Task details - Begin at the line that has "Classic Zigzag Multicolour", stop after the line that has "battered gay-themed rainbow color crosswalk", and print exactly those lines from the records below, without any pictures.

Supplied records -
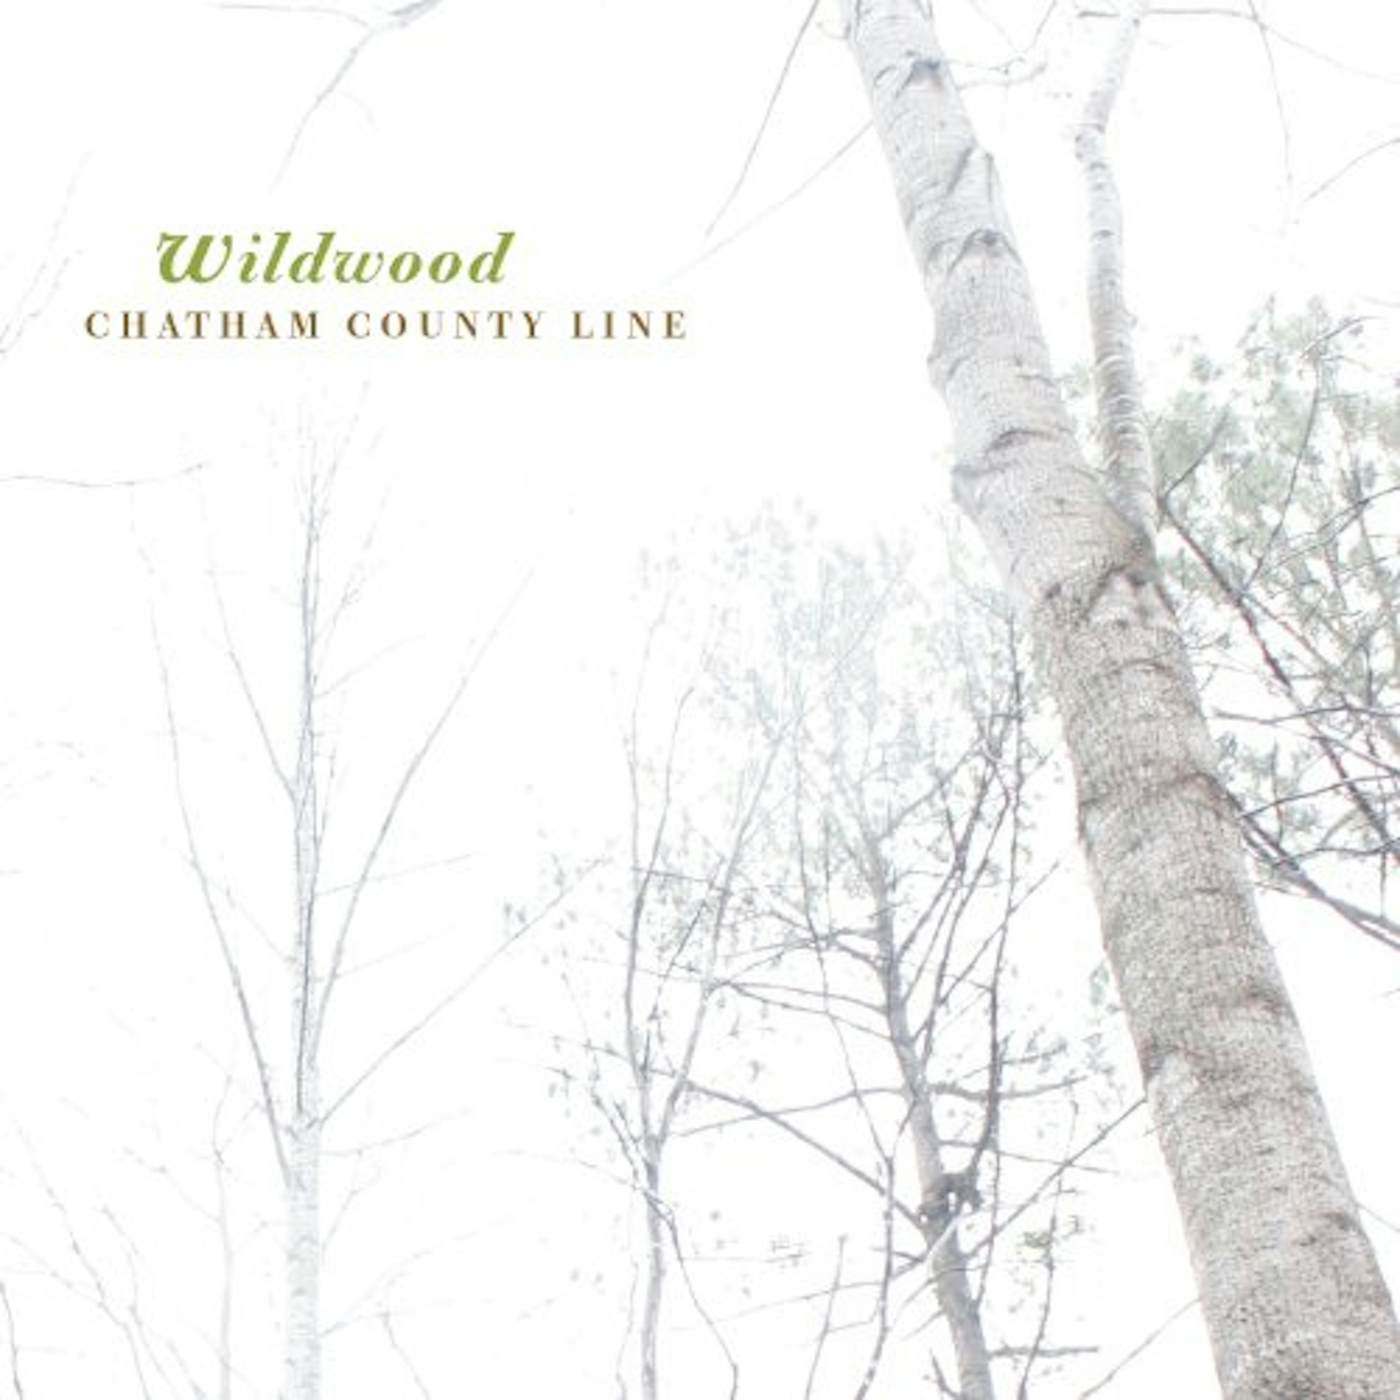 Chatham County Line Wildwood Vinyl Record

==

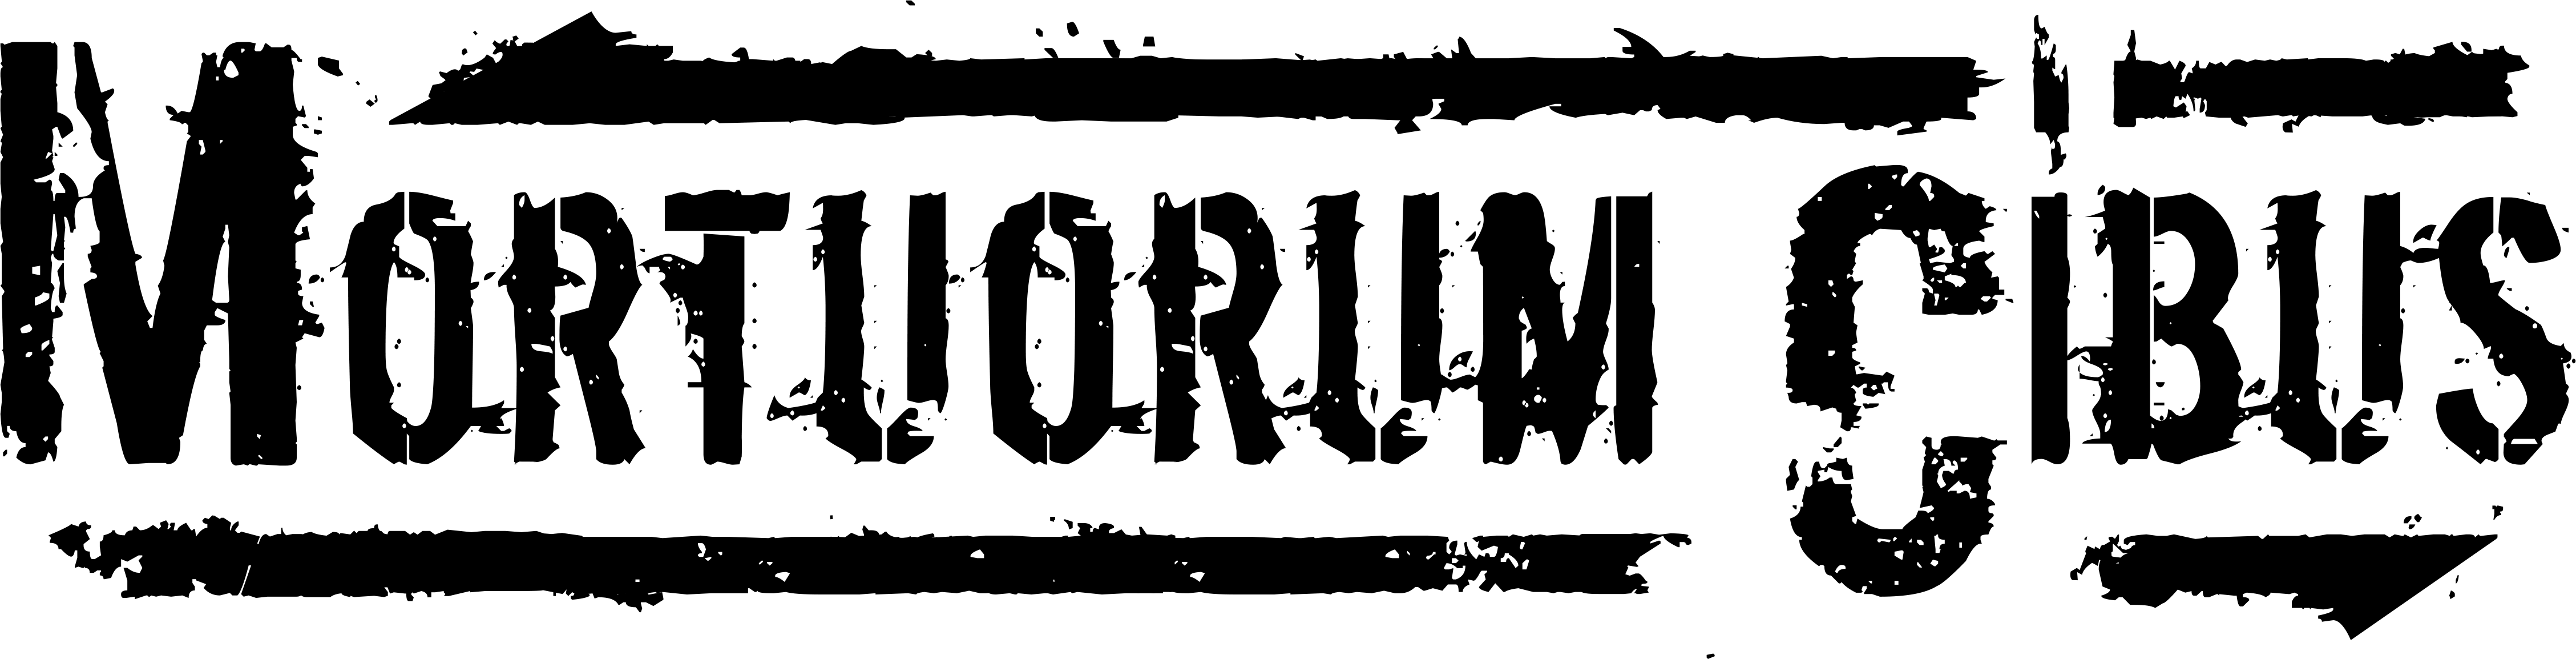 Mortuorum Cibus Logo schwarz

...

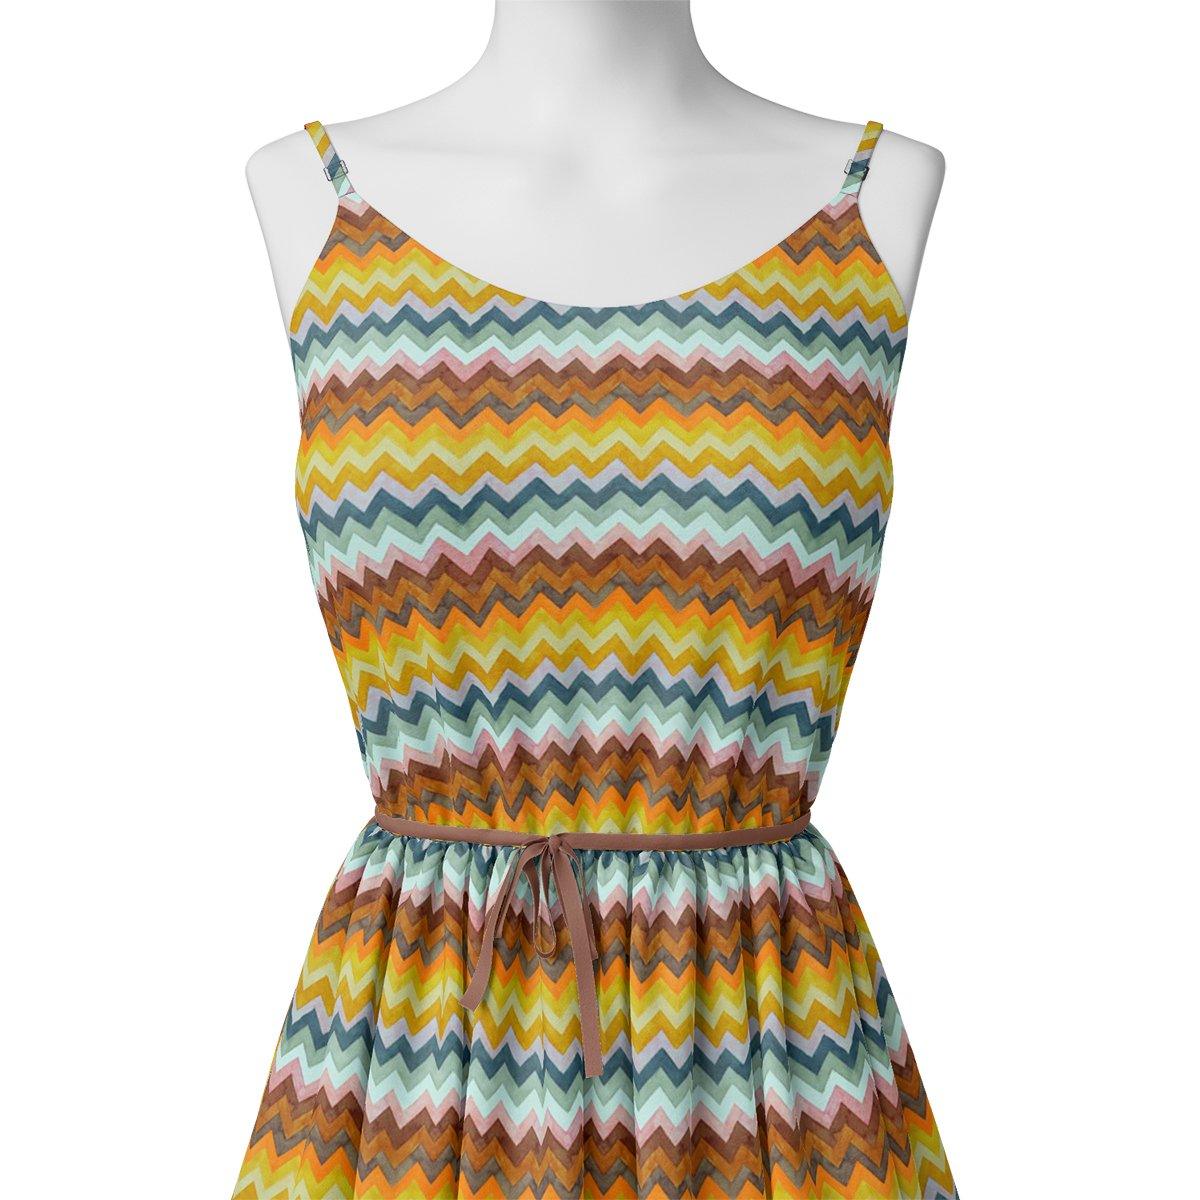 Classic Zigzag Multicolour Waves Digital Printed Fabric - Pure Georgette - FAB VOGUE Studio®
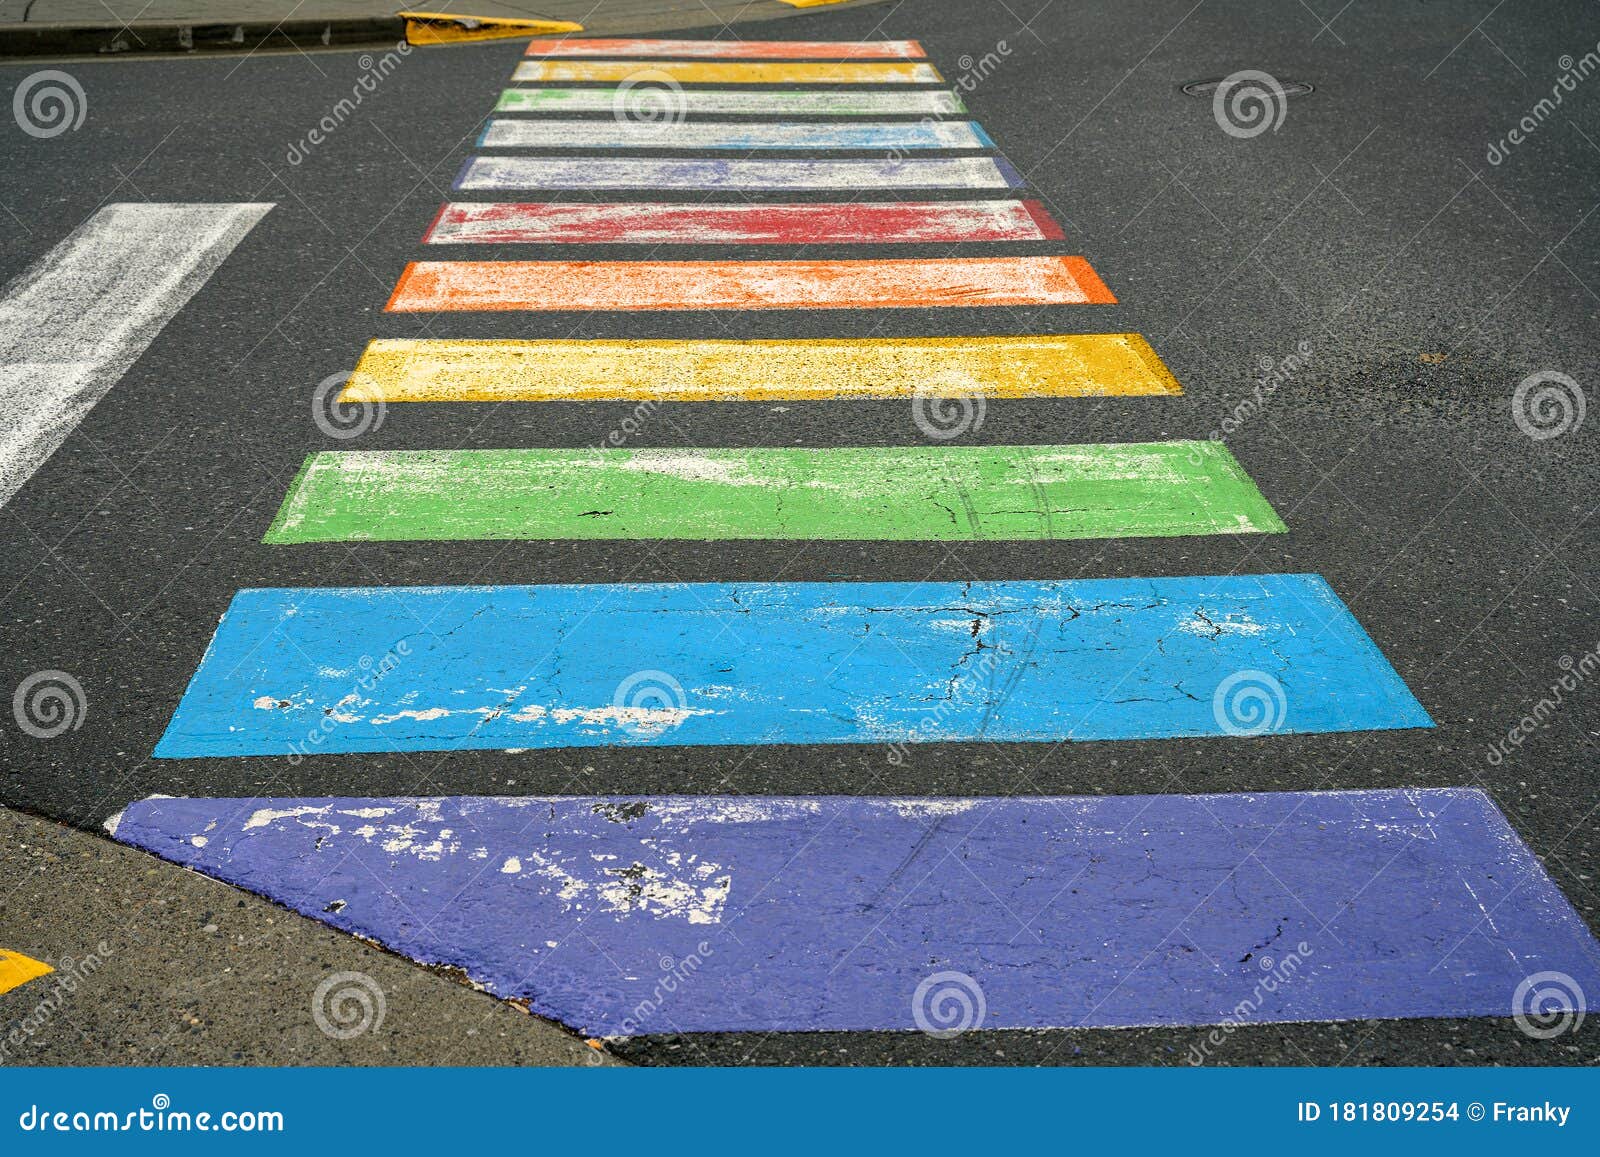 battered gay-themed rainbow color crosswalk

Solution below -
 Classic Zigzag Multicolour Waves Digital Printed Fabric - Pure Georgette - FAB VOGUE Studio®
 battered gay-themed rainbow color crosswalk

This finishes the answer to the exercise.